(Beginning of Task data)

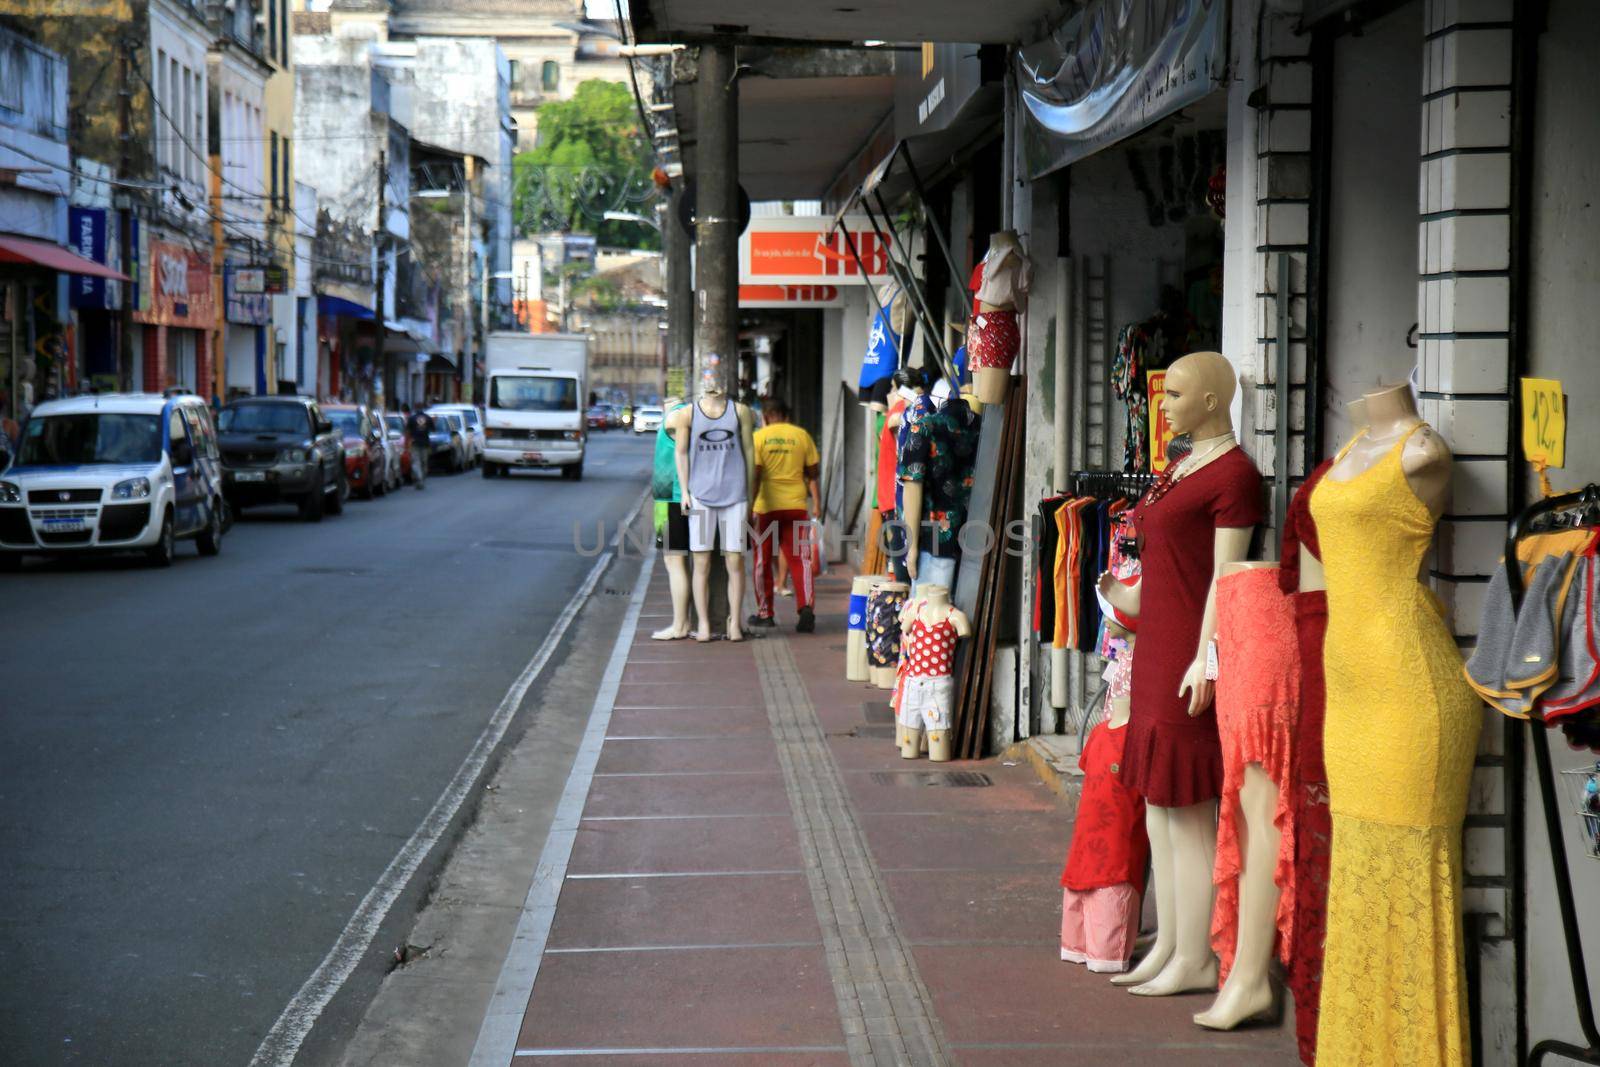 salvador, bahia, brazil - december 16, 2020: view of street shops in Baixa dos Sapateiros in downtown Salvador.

(End of Task data)
(Beginning of Task data)

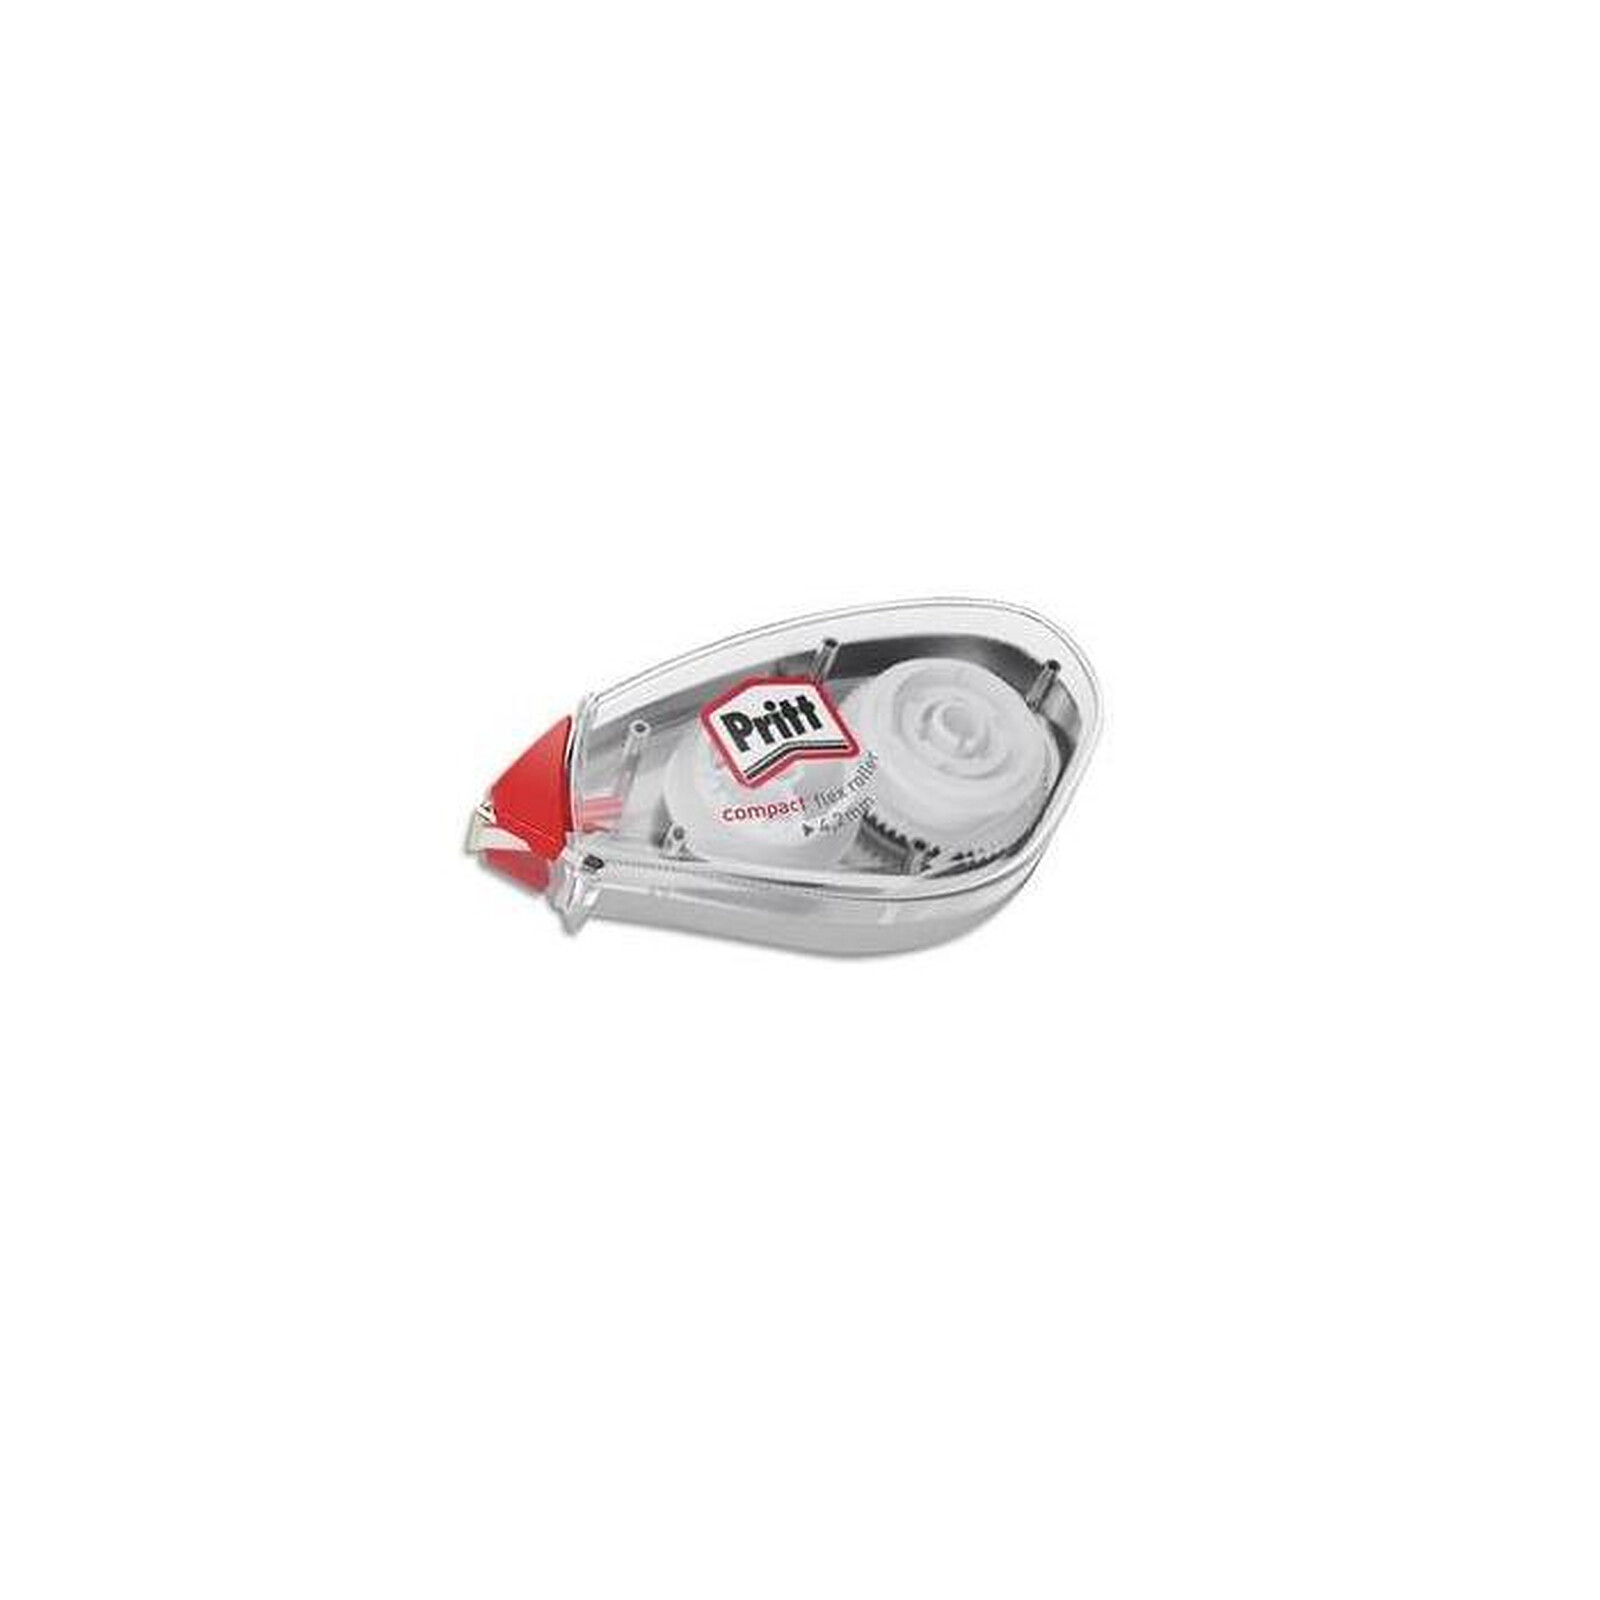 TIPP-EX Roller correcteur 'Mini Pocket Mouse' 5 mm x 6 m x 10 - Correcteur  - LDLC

(End of Task data)
(Beginning of Task data)

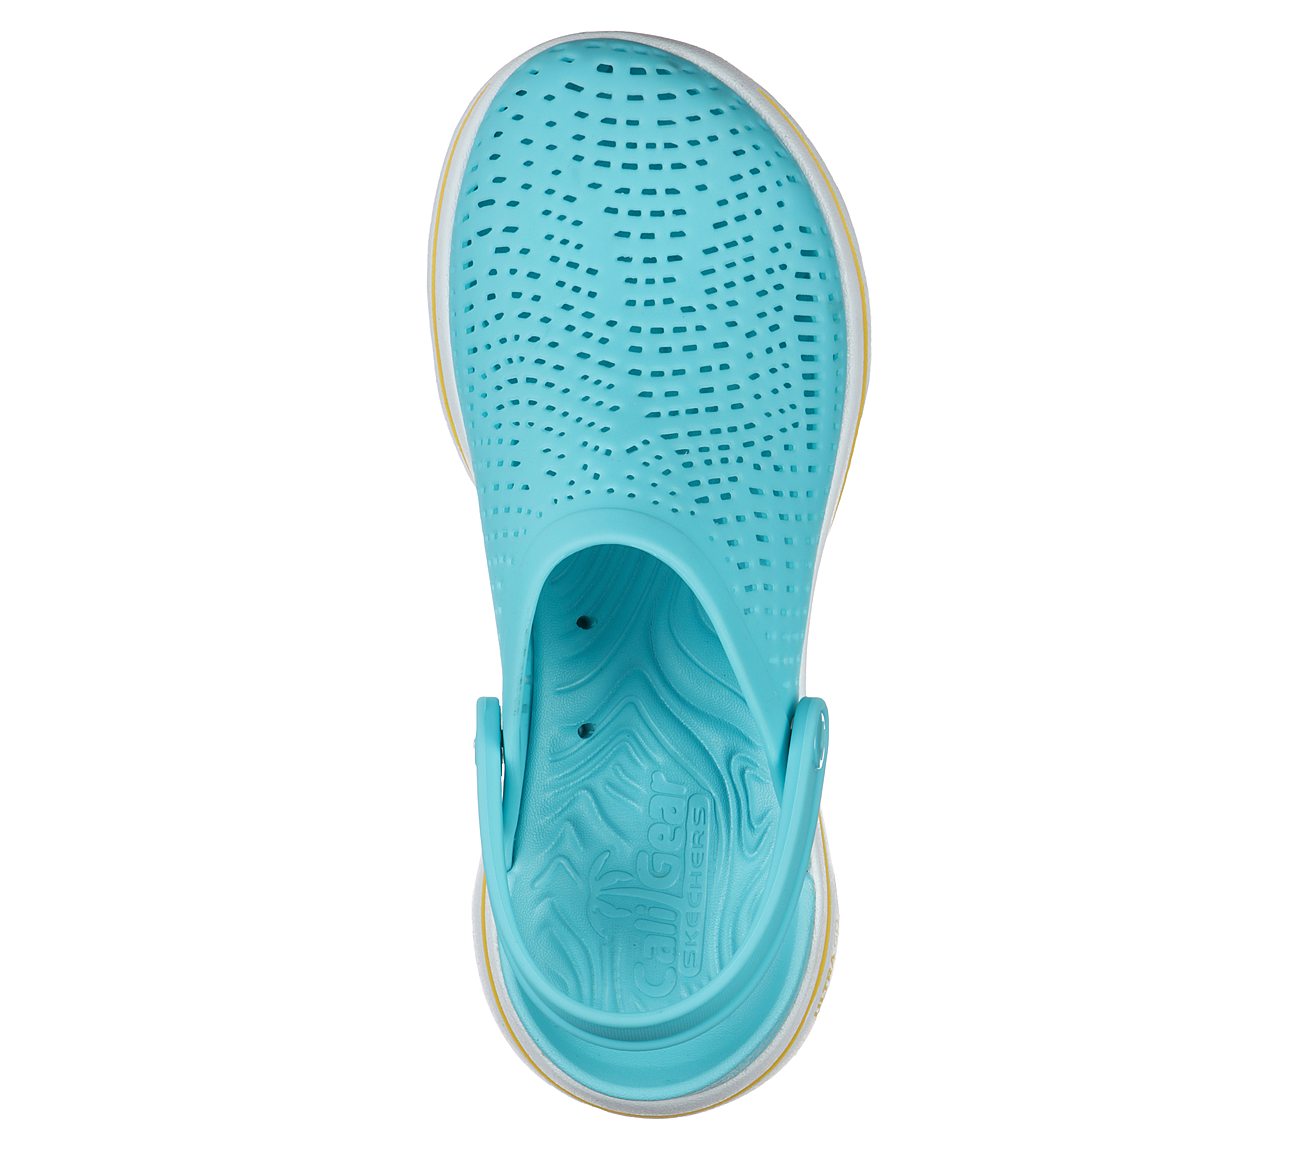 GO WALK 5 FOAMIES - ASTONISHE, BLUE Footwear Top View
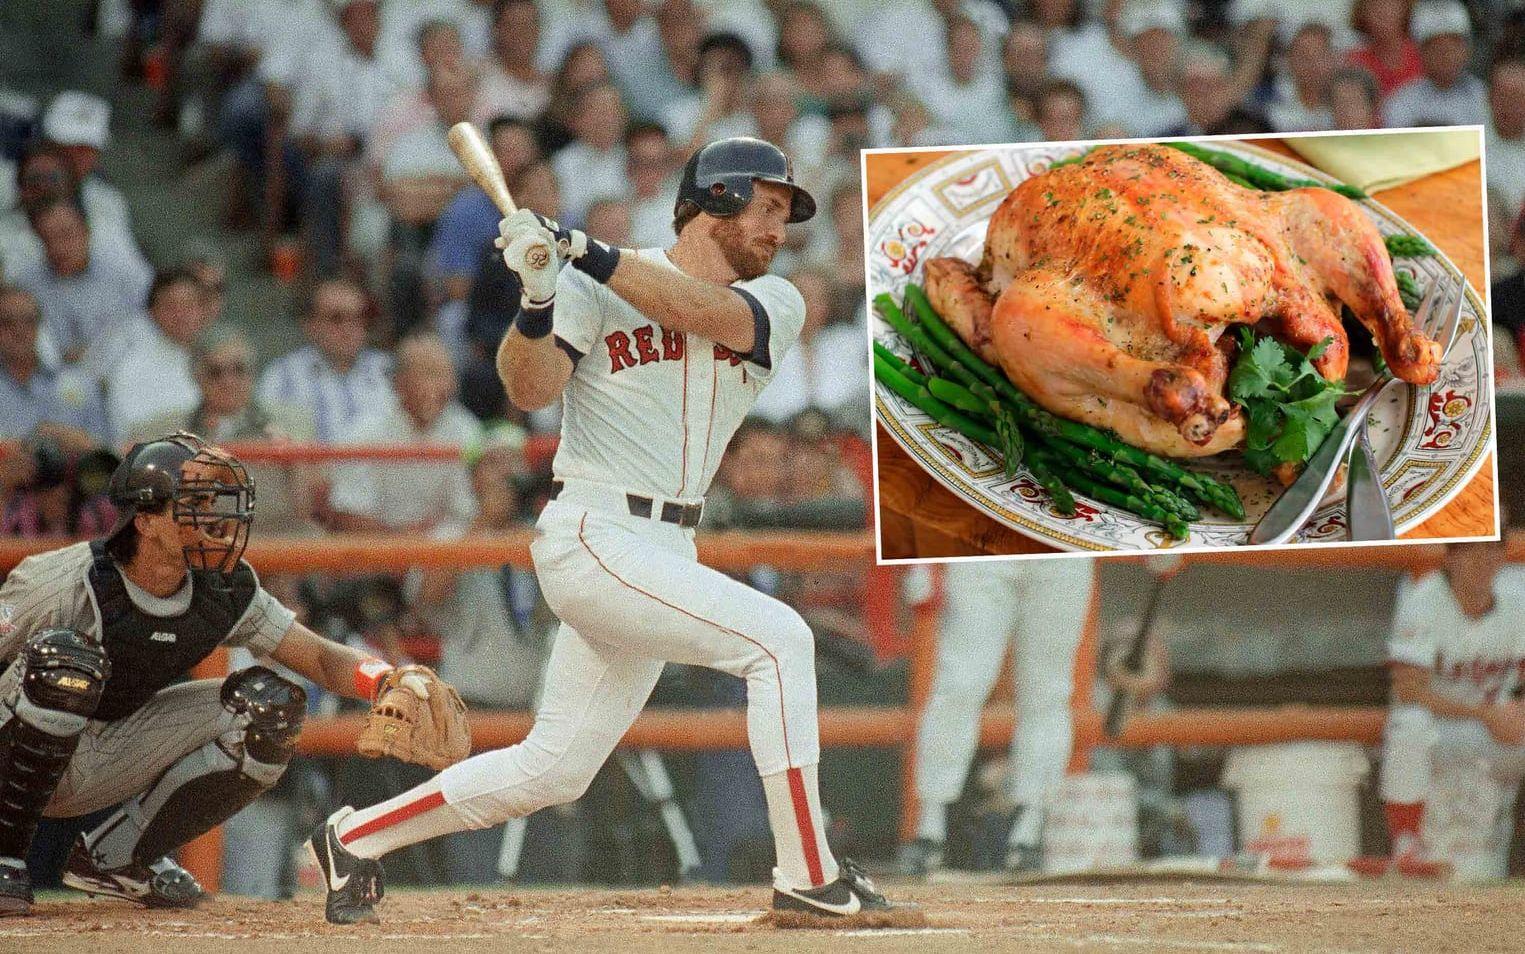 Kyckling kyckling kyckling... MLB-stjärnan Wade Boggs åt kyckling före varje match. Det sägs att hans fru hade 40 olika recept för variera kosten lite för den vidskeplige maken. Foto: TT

(End of Task data)

Aim of the task: Starting at the line above that contains "GO WALK 5 FOAMIES", transcribe every line exactly through the line that contains "Kyckling kyckling kyckling...", including that last one, and skip the pictures.

Written answer:
 GO WALK 5 FOAMIES - ASTONISHE, BLUE Footwear Top View
 Kyckling kyckling kyckling... MLB-stjärnan Wade Boggs åt kyckling före varje match. Det sägs att hans fru hade 40 olika recept för variera kosten lite för den vidskeplige maken. Foto: TT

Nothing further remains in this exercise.